The selected patients were compared to 51 control persons of matched age and gender. Patients were classified 40 CKD patients not start HD (group ΙΙ) and 40 CKD patients on regular HD more than six months (group ΙΙΙ) and in comparison with 15 control subjects (group Ι).
Serum Sclerostin level was measured using commercially available enzyme linked immunosorbent assay kits. AAC was assessed using lateral lumbar radiography. Echocardiography was used to assess AVC calcification presence or absence, and we correlated the association between sclerostin levels and vascular calcification.CIMT measured by neck US.
Sclerostin levels among the CKD on HD patients was significantly higher than that of CKD pre-dialysis group which in turn statistically higher than control group .AAC was observed in 16 patients (40 %) in CKD predialysis patients, while in CKD on HD group, 26 patients (65 %) had AAC. AVC was observed in 14 patients (35 %) in CKD predialysis patients, while in CKD on HD group, 21 patients (52.5 %) had AAC. Sclerostin levels were higher in patients with AAC and AVC.
CIMT mean values among the CKD on HD patients were statistically higher than that among the CKD predialysis group which were statistically higher than those among the control group. There was highly significant positive correlation between serum sclerostin level and CIMT.

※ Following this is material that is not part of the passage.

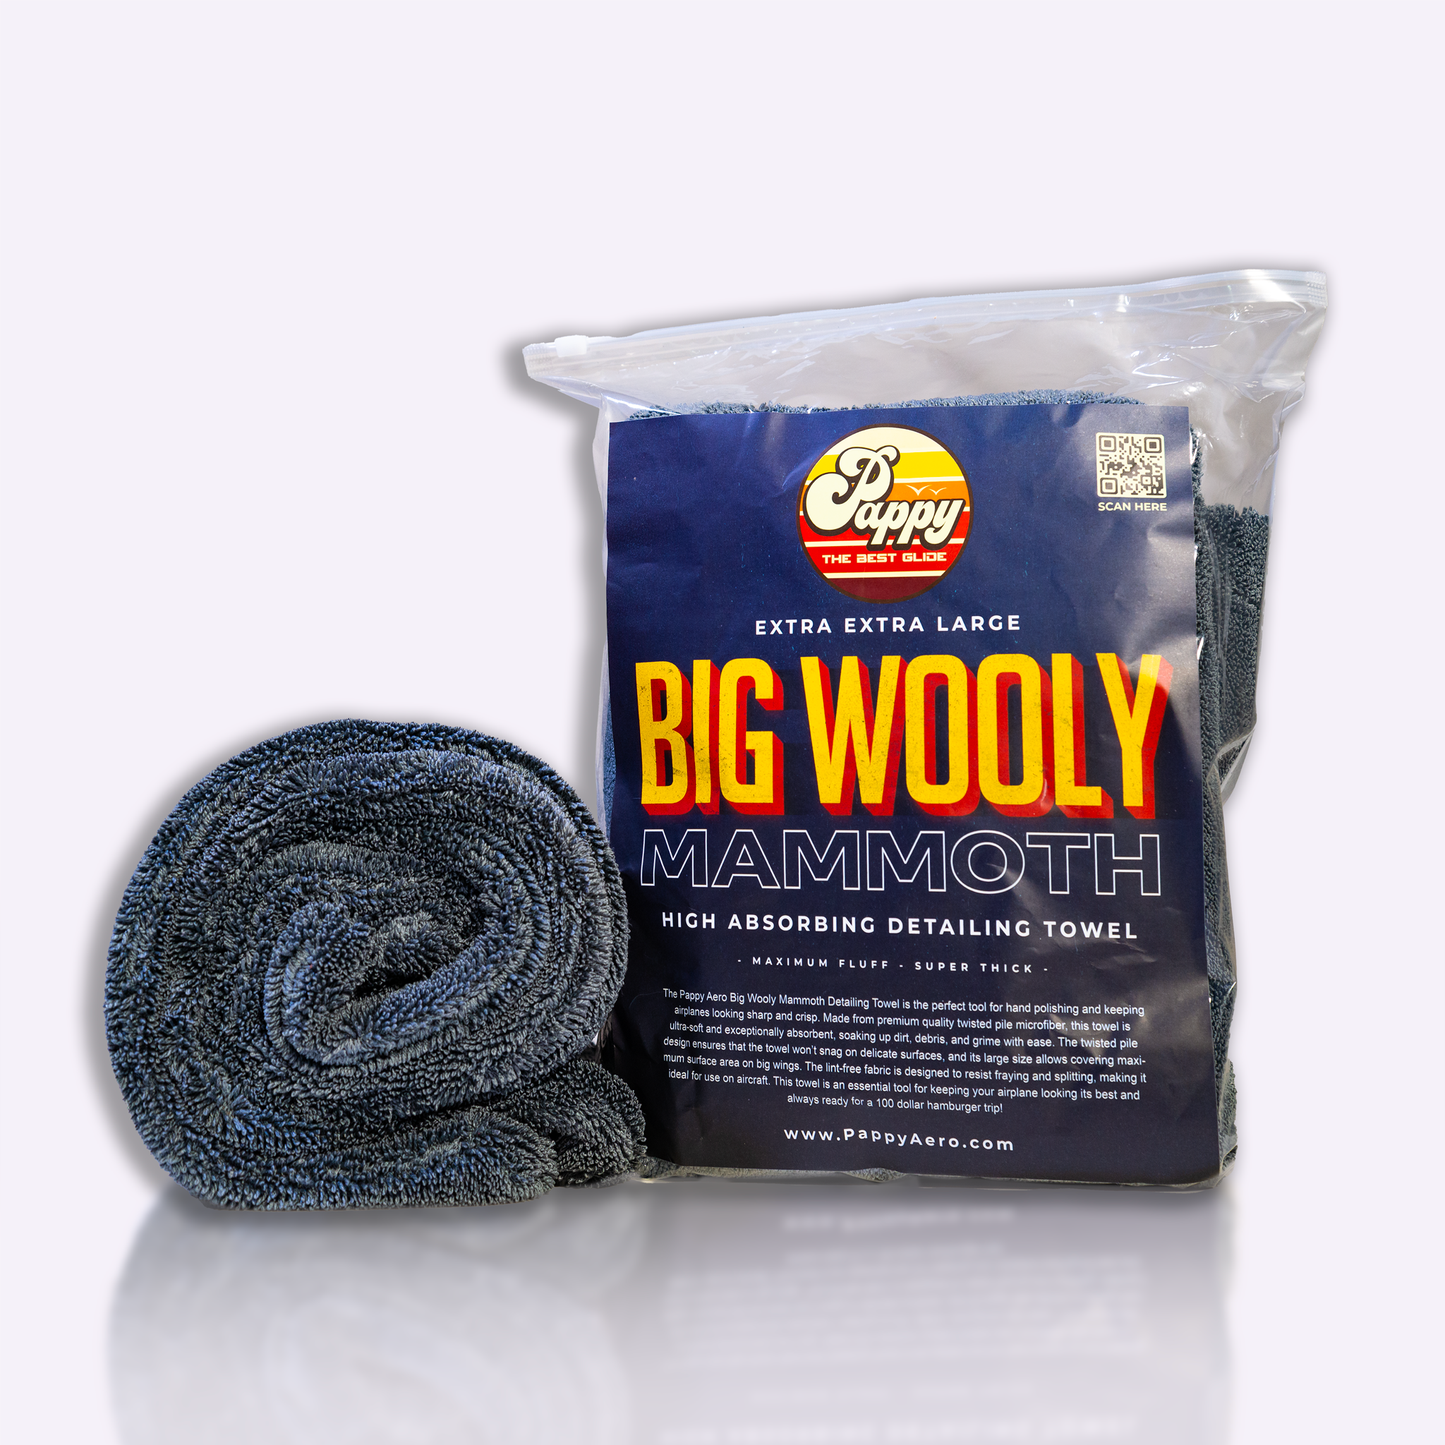 Big Wooly Mammoth Towel
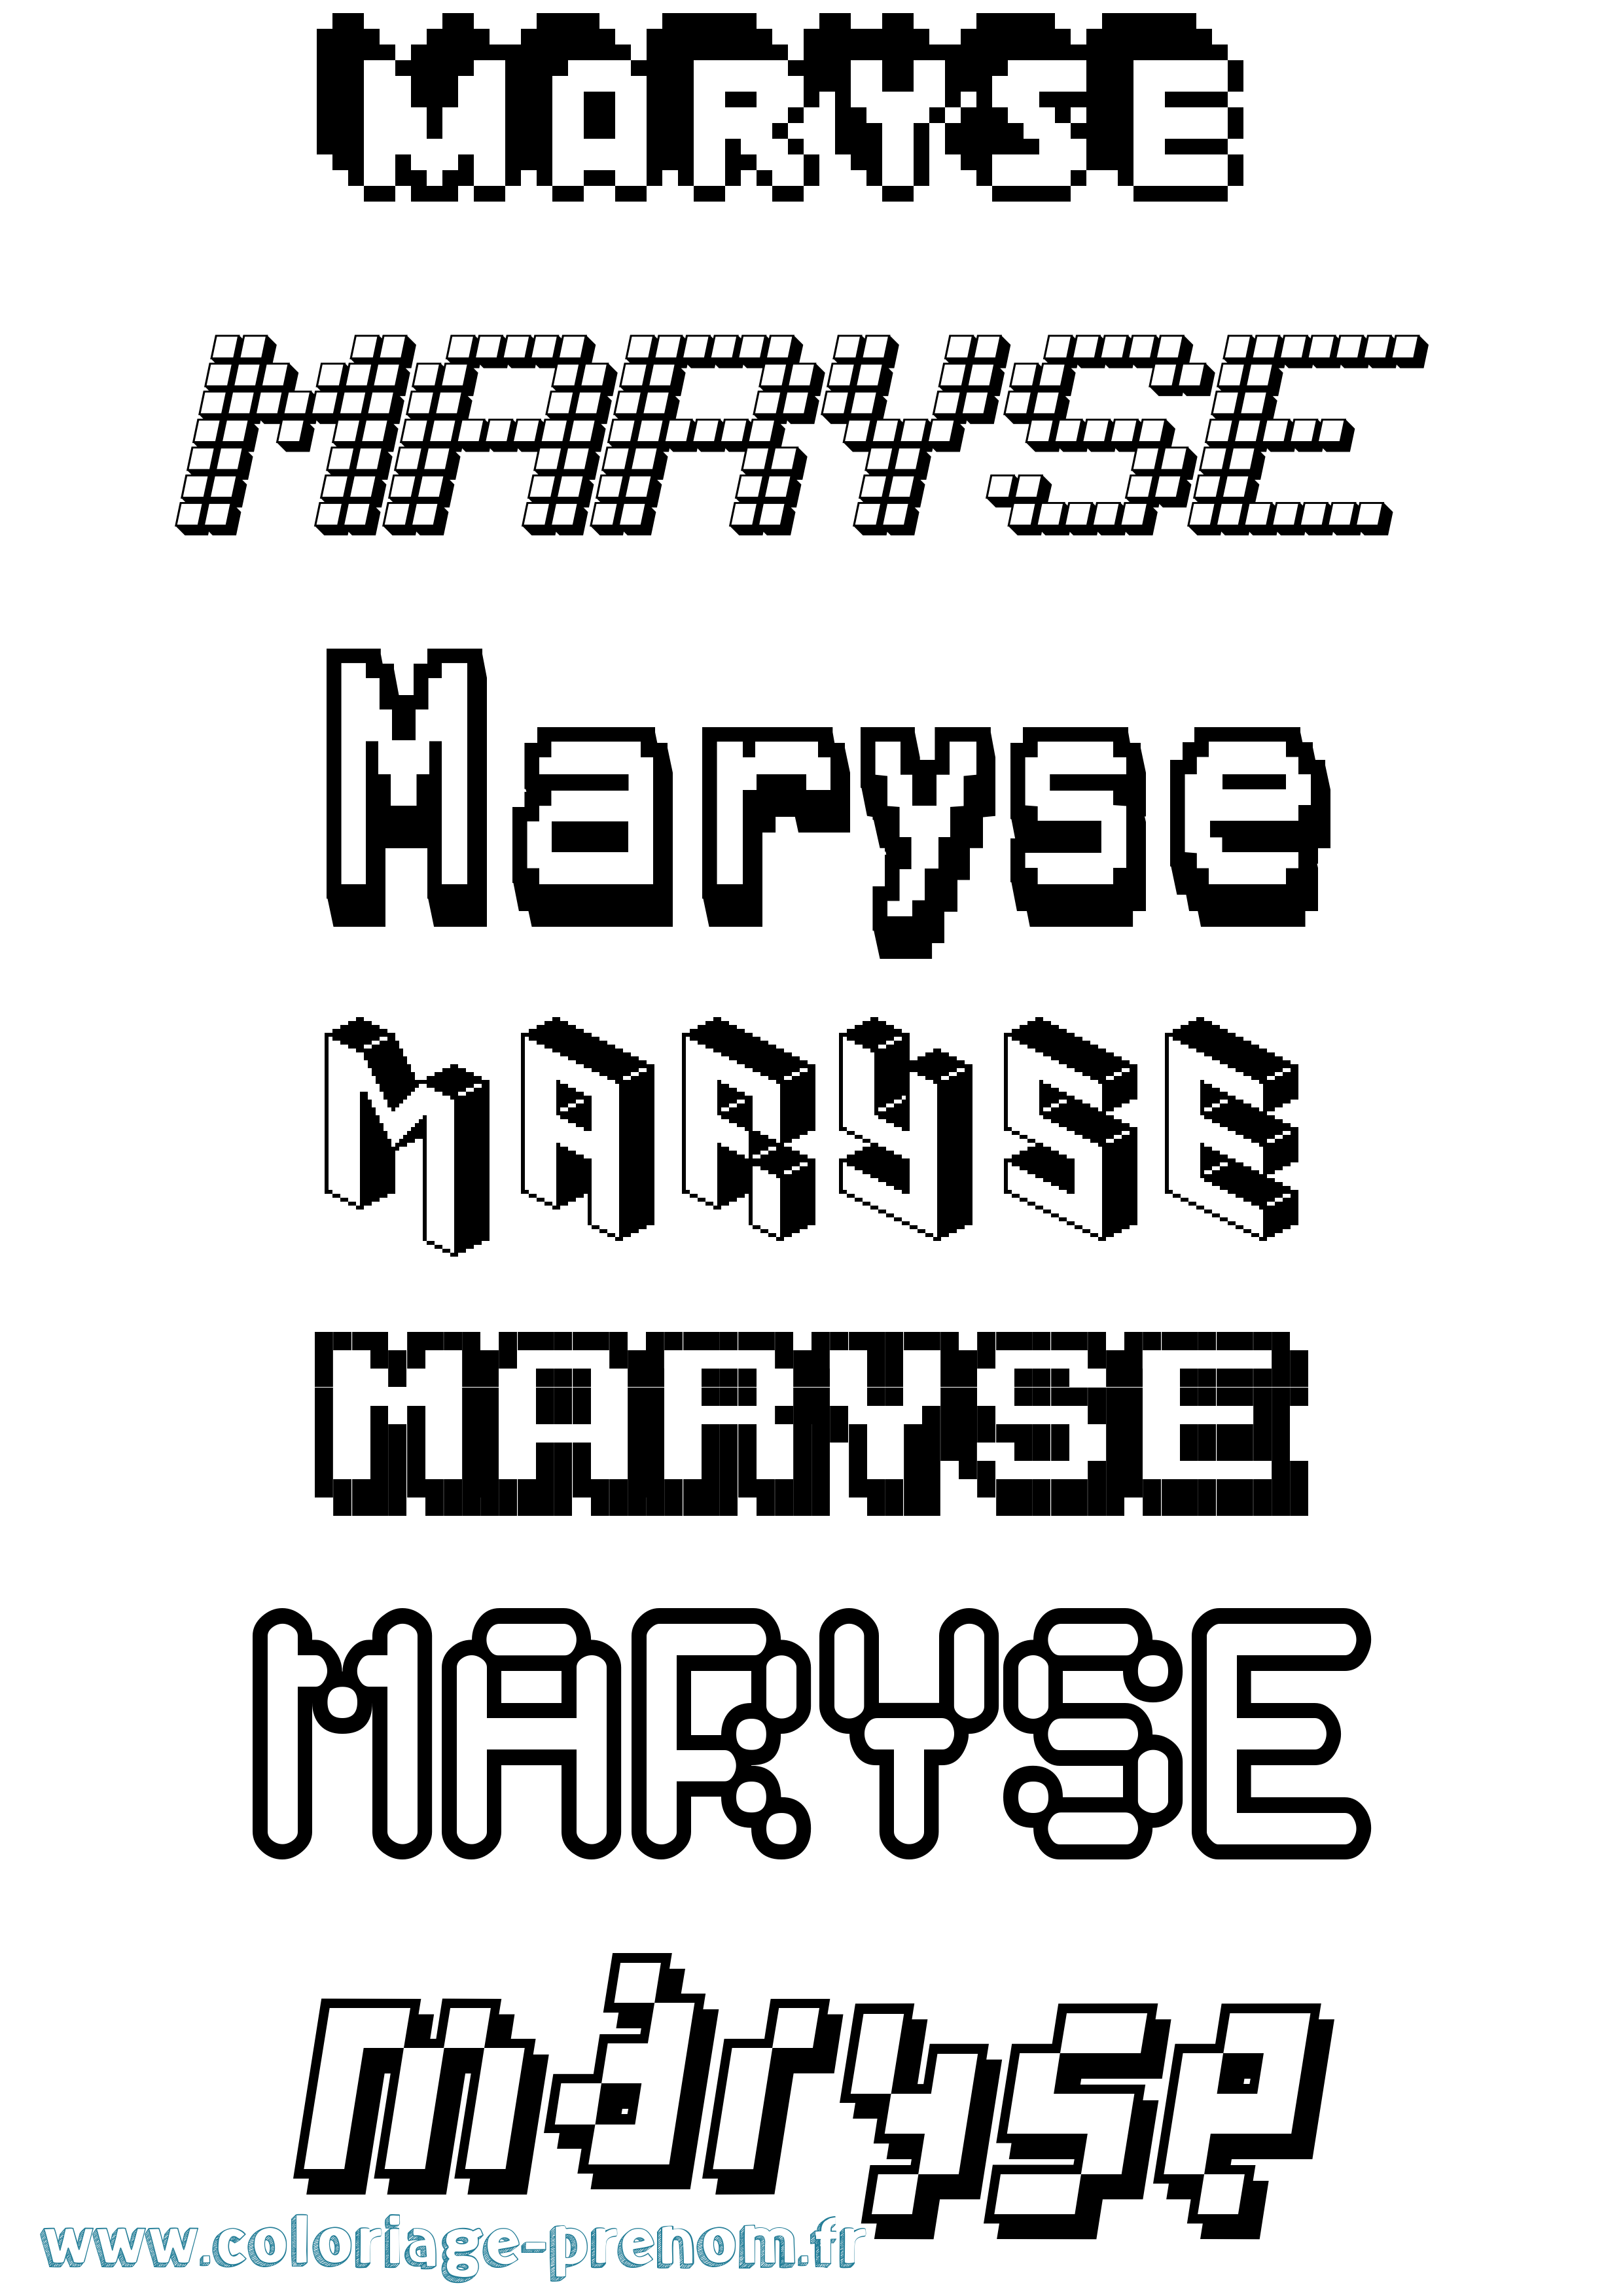 Coloriage prénom Maryse Pixel

Using Binary regression analysis, Sclerostin was identified as independent predictor for the presence of AAC & AVC in CKD patients and abnormal CIMT.
Serum Sclerostin at a cut off level ≤ 19.60 can detect the presence of Aortic valve calcification by ECHO with 91% sensitivity and 69% specificity.
Serum Sclerostin at a cut off level ≤ 16.95 can detect the presence of abdominal aortic calcification by X ray with 95% sensitivity and 67% specificity.
Serum Sclerostin at a cut off level ≤17.20 can detect the presence of Abnormal CIMT with 79 % sensitivity and 65% specificity.